Other courts use the term res judicata to refer strictly to claim preclusion, as distinguished from collateral estoppel (issue preclusion). See e.g., Allen v. McCurry, 449 U.S. at 93 n. 5, 101 S.Ct. at 415 n. 5. This Court will use the term res judicata to refer to claim preclusion.

Appellants' primary contention is that the compromise expressly contemplates their assertion of a claim of equitable subordination against Appellees. The compromise expressly releases "any and all" claims which the Trustee may have had against Appellees, with one exception: the compromise directs the Trustee to bring a later action to determine the "priority" of all claims to the estate.
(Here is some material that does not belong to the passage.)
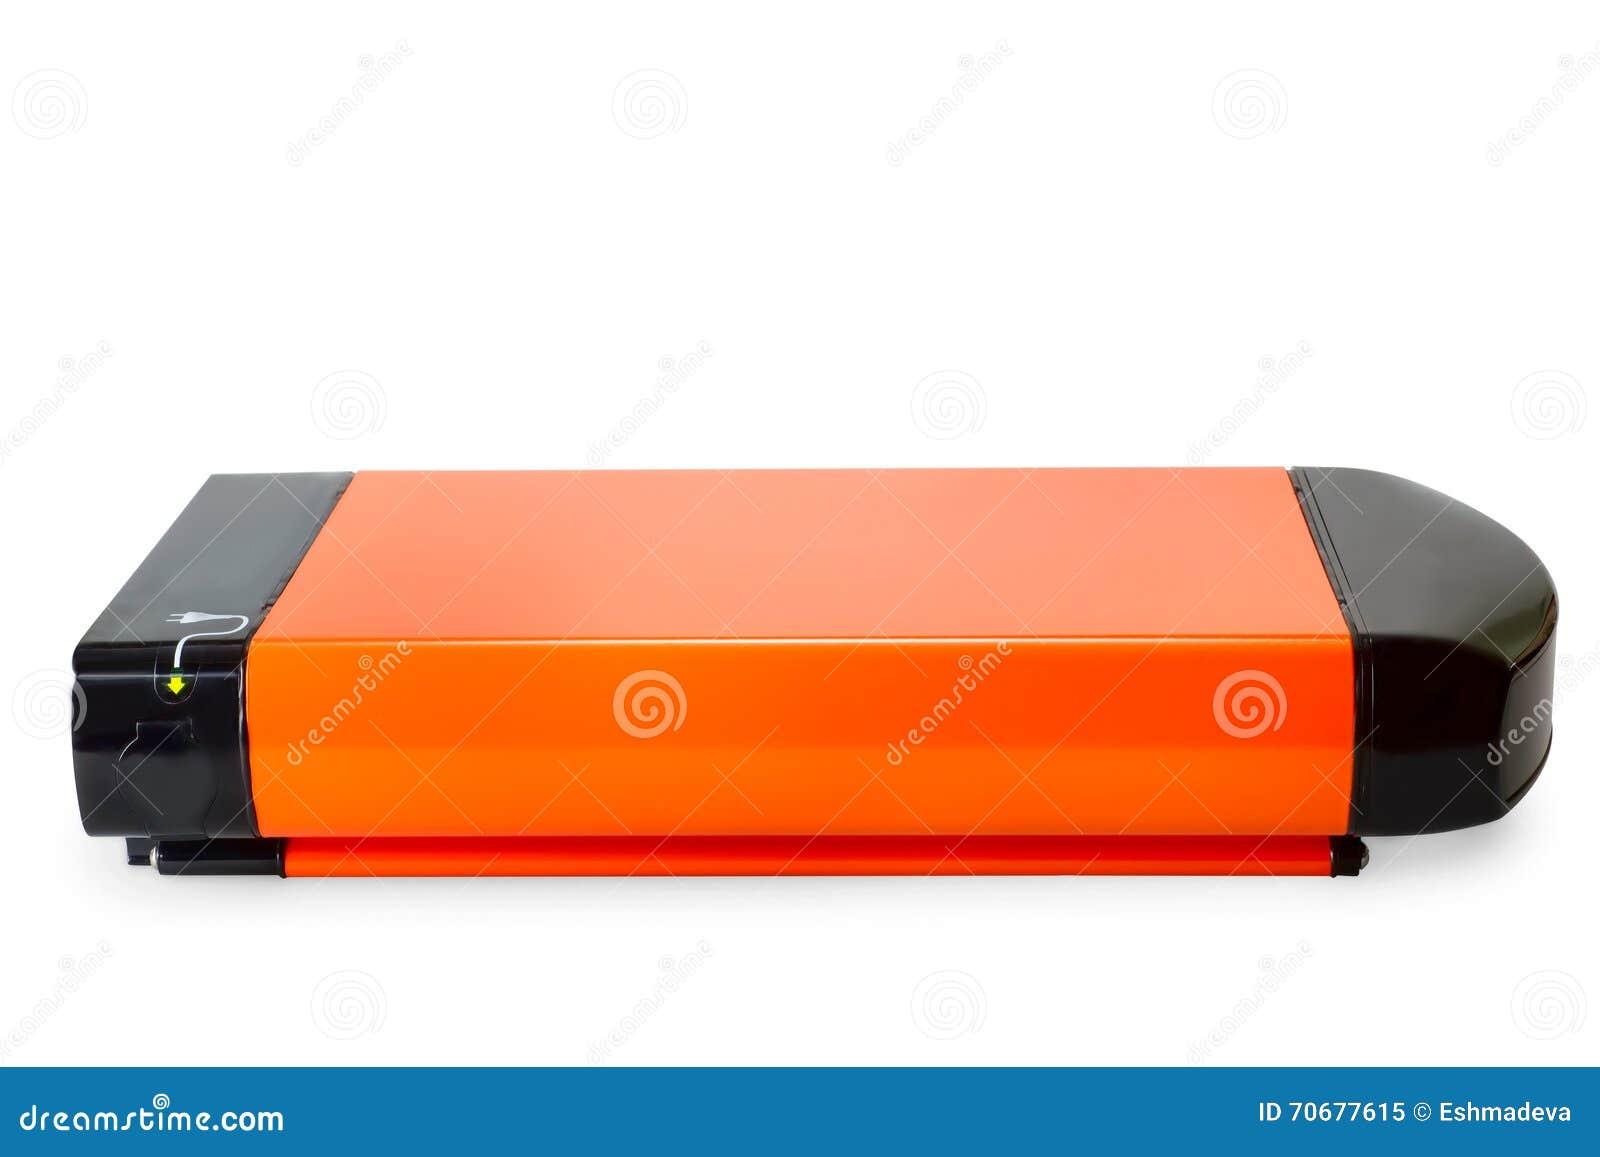 Orange li-ion battery for e-bike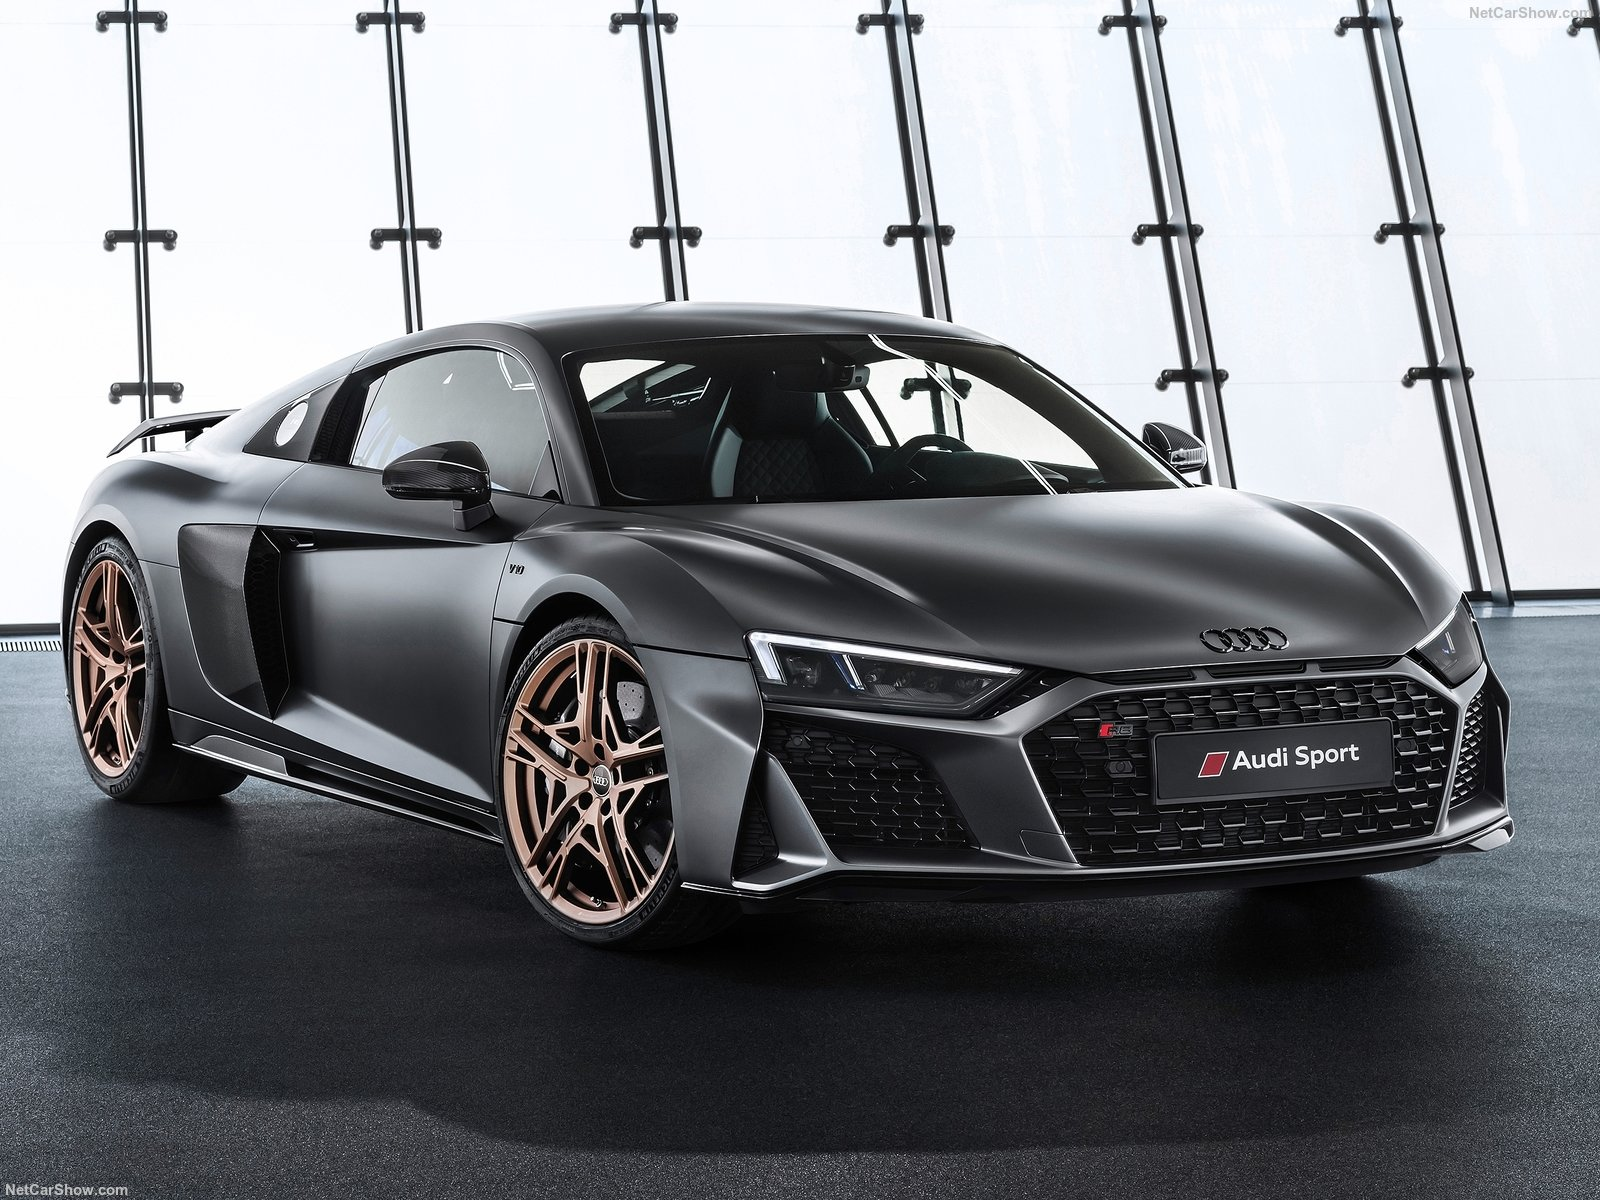 R8要退休了,奥迪史上最强电动跑车RS e-tron 或在2023亮相

Appellants argue that the agreement's contemplation of a later suit to determine the priority of all claims includes their right to assert a claim of equitable subordination against Appellees.

In asserting this argument Appellants are, in essence, asking this Court to enforce the terms of the consent order. Consent orders are viewed in different ways in different contexts. See Local No. 93 International Association of Firefighters v. City of Cleveland, 478 U.S. 501, 519, 106 S.Ct. 3063, 3073, 92 L.Ed.2d 405 (1986). In an action for enforcement their contractual nature predominates. United States v. ITT Continental Baking Co., 420 U.S. 223, 238, 95 S.Ct. 926, 935, 43 L.Ed.2d 148 (1975). This Court, therefore, must construe the terms of the consent order to determine what claim, or part of a claim, was reserved for future litigation. In construing the consent order, the Court may rely on traditional aids to contract construction. Id.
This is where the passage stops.